Lent begins Wednesday in Western churches, many of which participate in the Ash Wednesday custom of marking the foreheads of parishioners with ashes, traditionally from the burned palm branches of the Palm Sunday celebration of the previous year.

Says the Web site Catholic Online, “While the ashes symbolize penance and contrition, they are also a reminder that God is gracious and merciful to those who call on Him with repentant hearts.”

Eastern Christian churches, including St. George Antiochian Orthodox Church on Washington Street, call the period Great Lent and begin not with Ash Wednesday but with Clean Monday, signifying the beginning of a cleansing period of repentance. Because the Orthodox Church dates Easter differently than western churches — always after the Jewish Passover — and begins on a Monday, its Lenten period also differs. This year, Orthodox Great Lent begins March 2.

Traditionally, Lent has been seen as a time of fasting from certain foods or abstaining from bad habits. In recent years, positive works have begun to be encouraged as well — volunteering, helping neighbors, giving additional money to churches or charities, working to become a better person.

“To be a witness means we don’t stop being who we are,” Ragsdale said. “Take on the image that God intended you to have. Who you are is enough, it’s sufficient. Yes, we all sin and fall short of the glory of God, but what Jesus adds makes up that difference and finishes the equation.”

The original meaning of the word “sin” was “to miss the mark,” Ragsdale said. “All we have to do is just live. We shoot, we miss, we go to where we missed the mark and just shoot again. We’re always in progress. We’re not judged as failures until we stop shooting.”

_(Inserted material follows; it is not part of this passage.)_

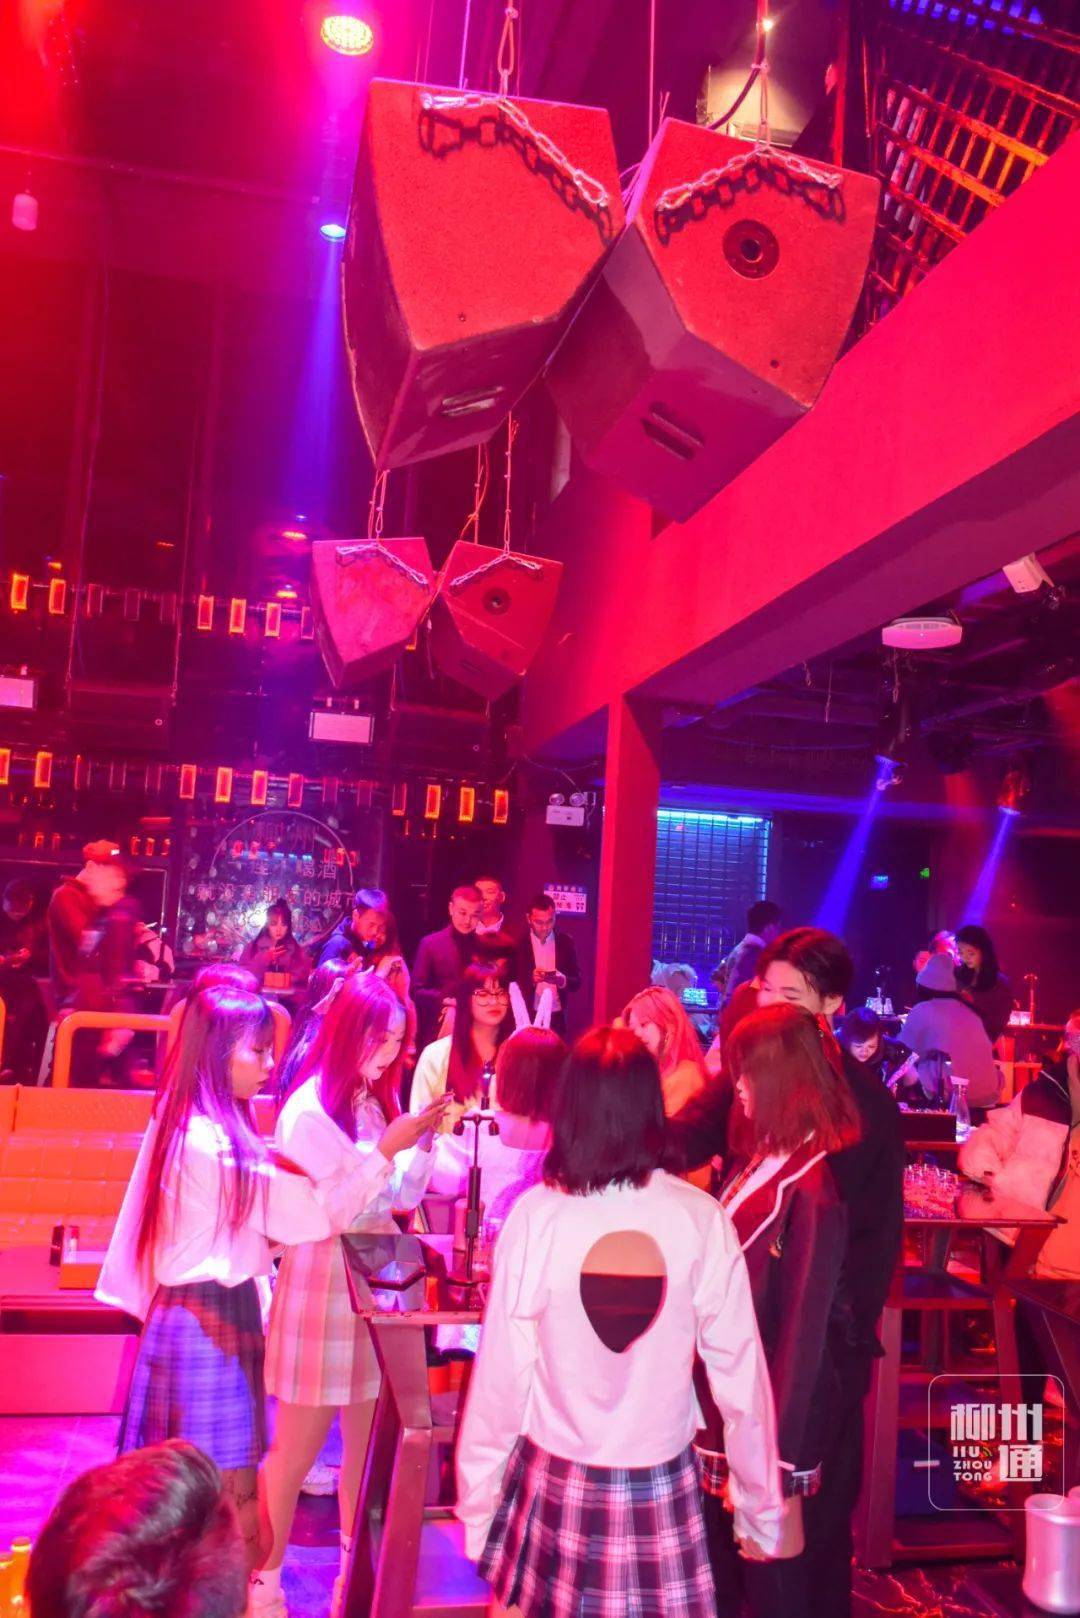 DDR音乐舞蹈游戏在酒吧的文化象征与娱乐魅力  第3张
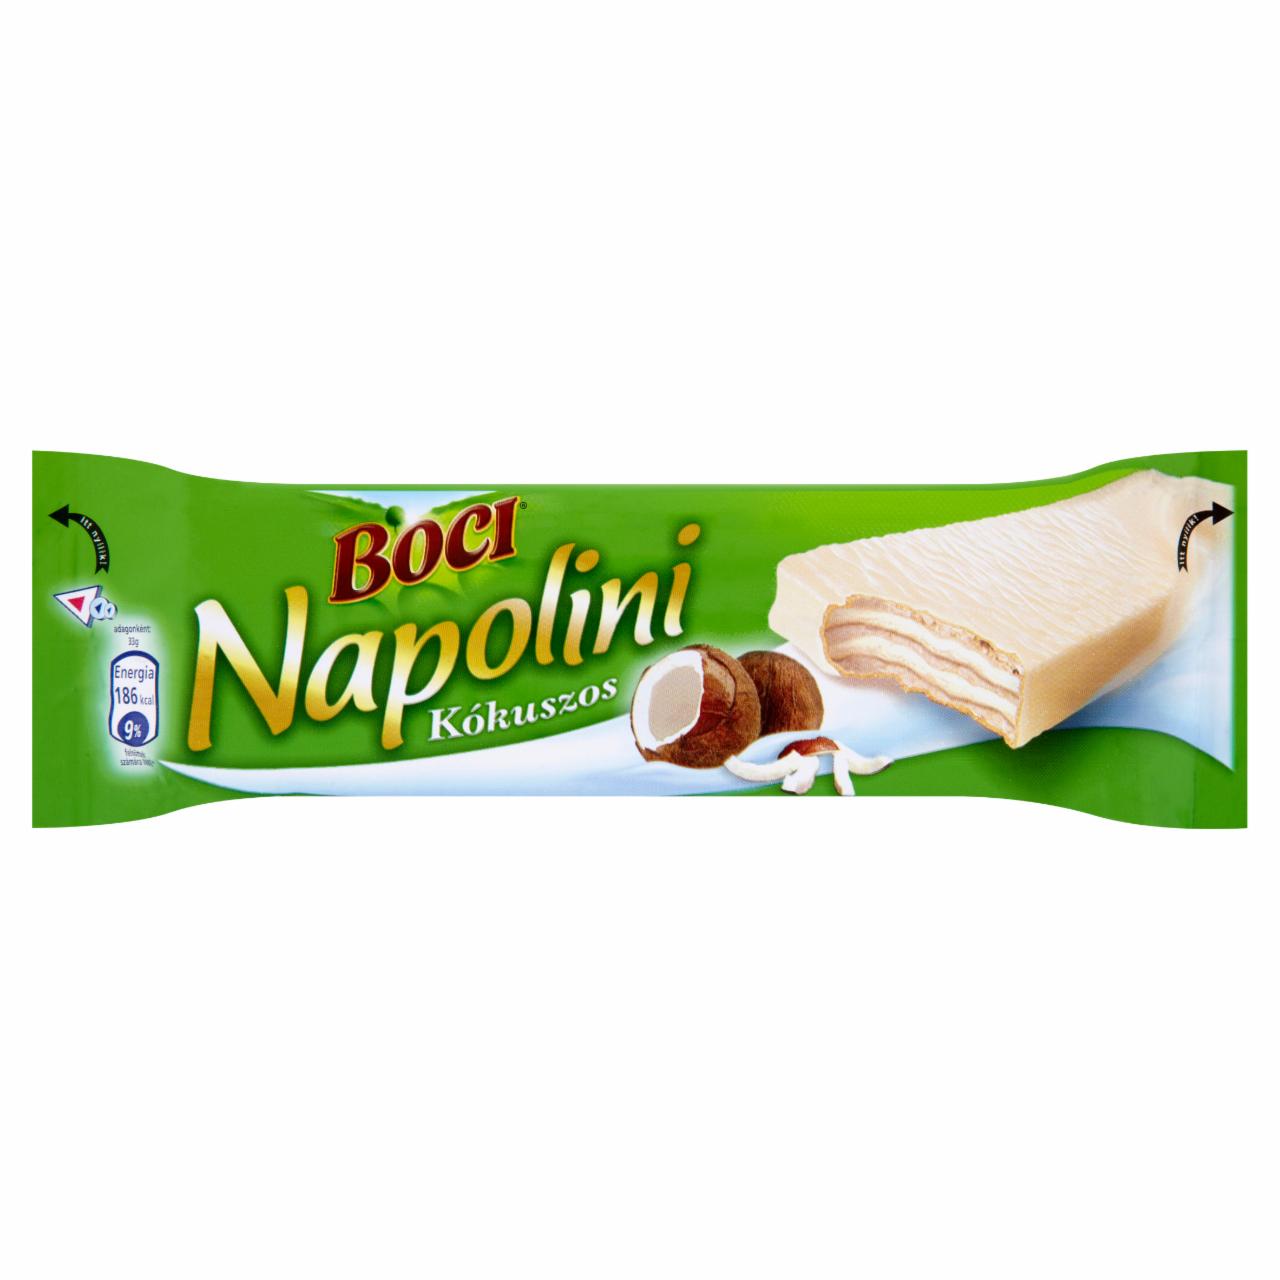 Képek - Boci Napolini fehér csokoládéval mártott, kókuszos krémmel töltött ostya 33 g

For retired Episcopal priest the Rev. Denny Allman, “Lent, to me, has always been a time not of breast beating and sackcloth but of introspection: who am I and how do I improve on who I am?” Allman pastored Christ Church on Main Street for many years and now serves in retirement on a supply basis at St. Mary’s Episcopal on First North.

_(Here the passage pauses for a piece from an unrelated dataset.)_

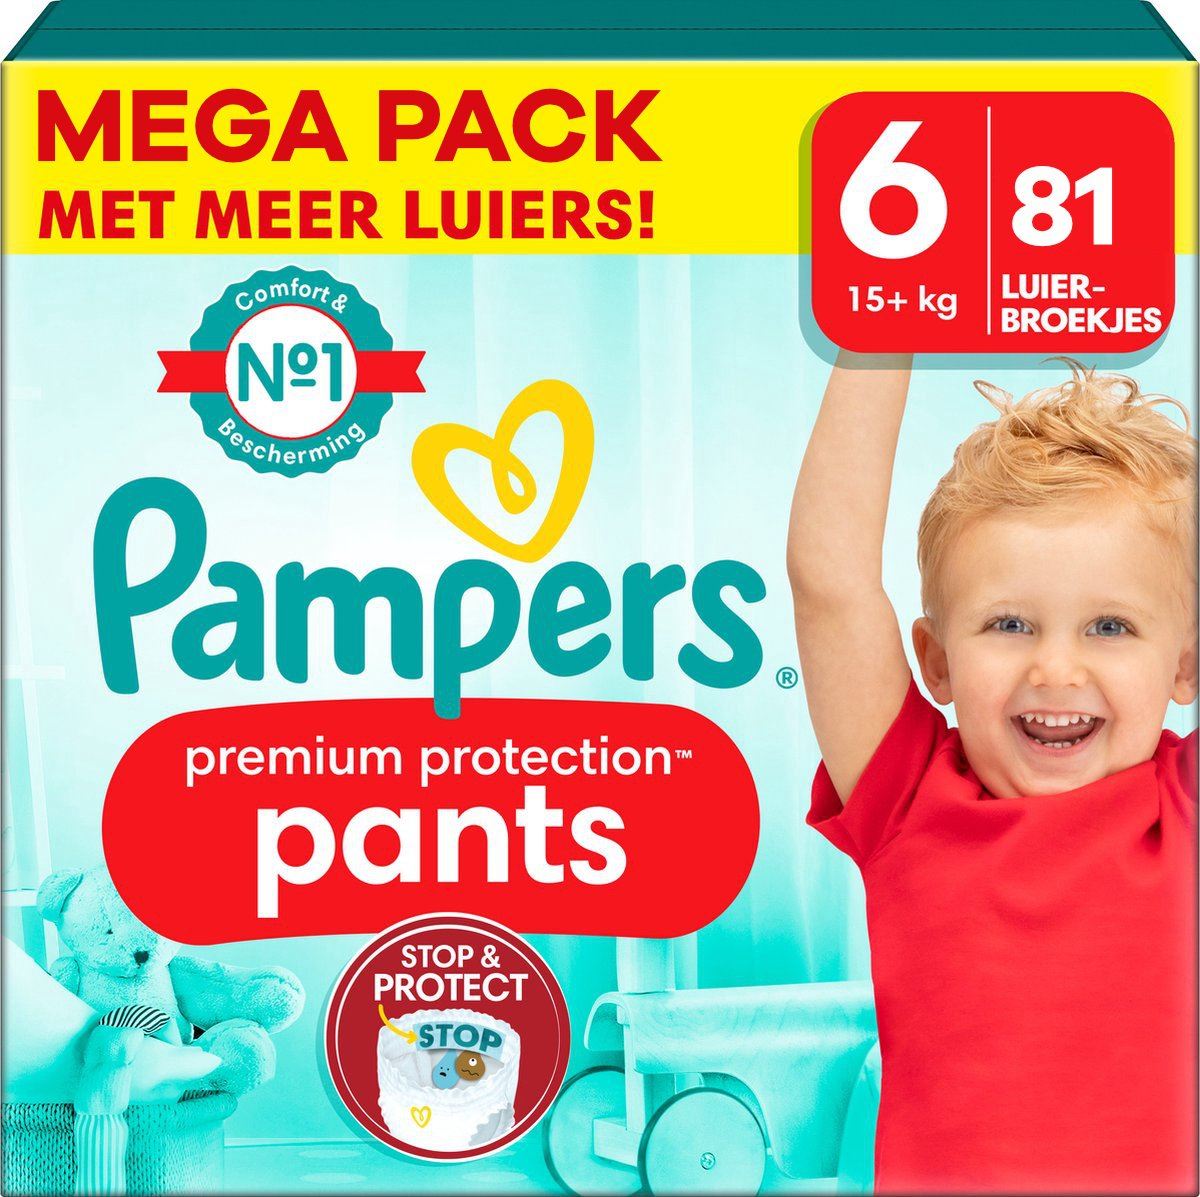 Pampers-Premium-Protection-Pants-maat-6-81-luierbroekjes-15-kg-

“It’s a time to think about what we can do to improve our lives in the service of our Lord,” he said. “If giving up something helps you to do that, then you should give up something.”

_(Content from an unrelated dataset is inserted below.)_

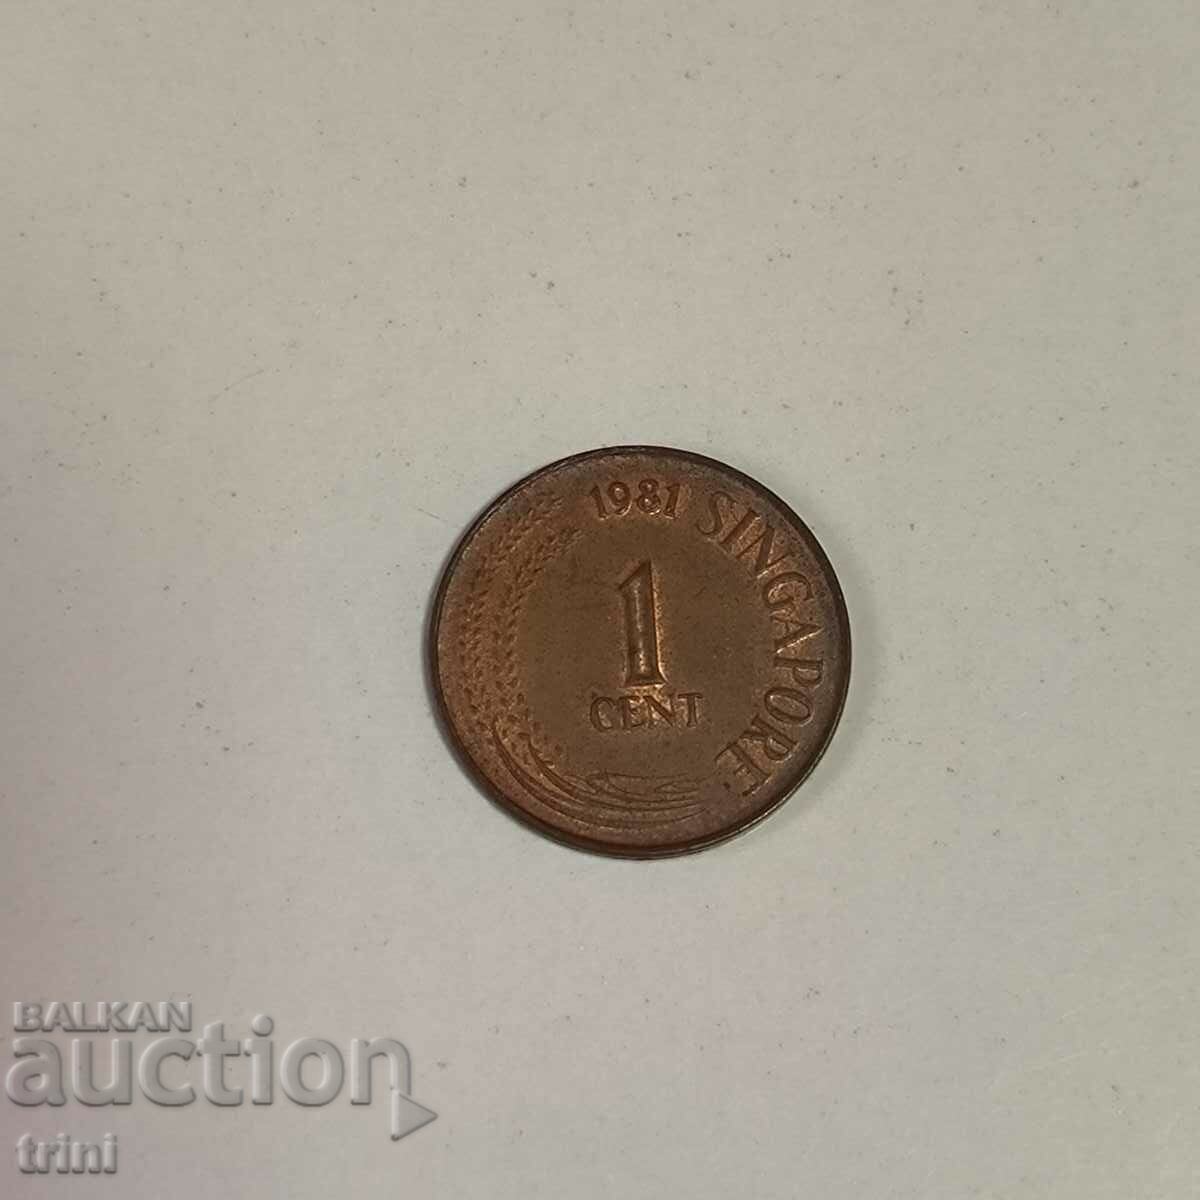 Singapore 1 cent 1981 anul g66

Lent is a time of discipline and spiritual deepening and introspection in order to prepare for Easter, said the Rev. Michael Nation of the Church of the Holy Trinity, Episcopal, on South Street. “We certainly encourage the traditional fasting, particularly in a society like ours. That can be a positive witness,” he said. “Fasting also opens us up to God’s presence.”

But Nation said he also sees spiritual value in stressing positive actions. “I do encourage folks to realize that there are multiple ways to get involved with the discipline of Lent in preparation to celebrate Easter.”

That can include serving others. At Vicksburg Catholic School, both elementary and high schoolers will mark the Lenten season with special Masses, classroom activities and student service, said Michele Townsend, principal of St. Aloysius High School.

The sophomore retreat team has planned and will lead half-day retreats for third- through sixth-graders. Fourth- and sixth-grade retreats were Thursday, while third- and fifth-graders will have a retreat Monday.

“Lent is a time set aside to give people the opportunity to grow and change,” Townsend said, and the retreats have been planned around those goals — growing and changing in mind, body and spirit. They will include both small and large group discussion as well as physical activity.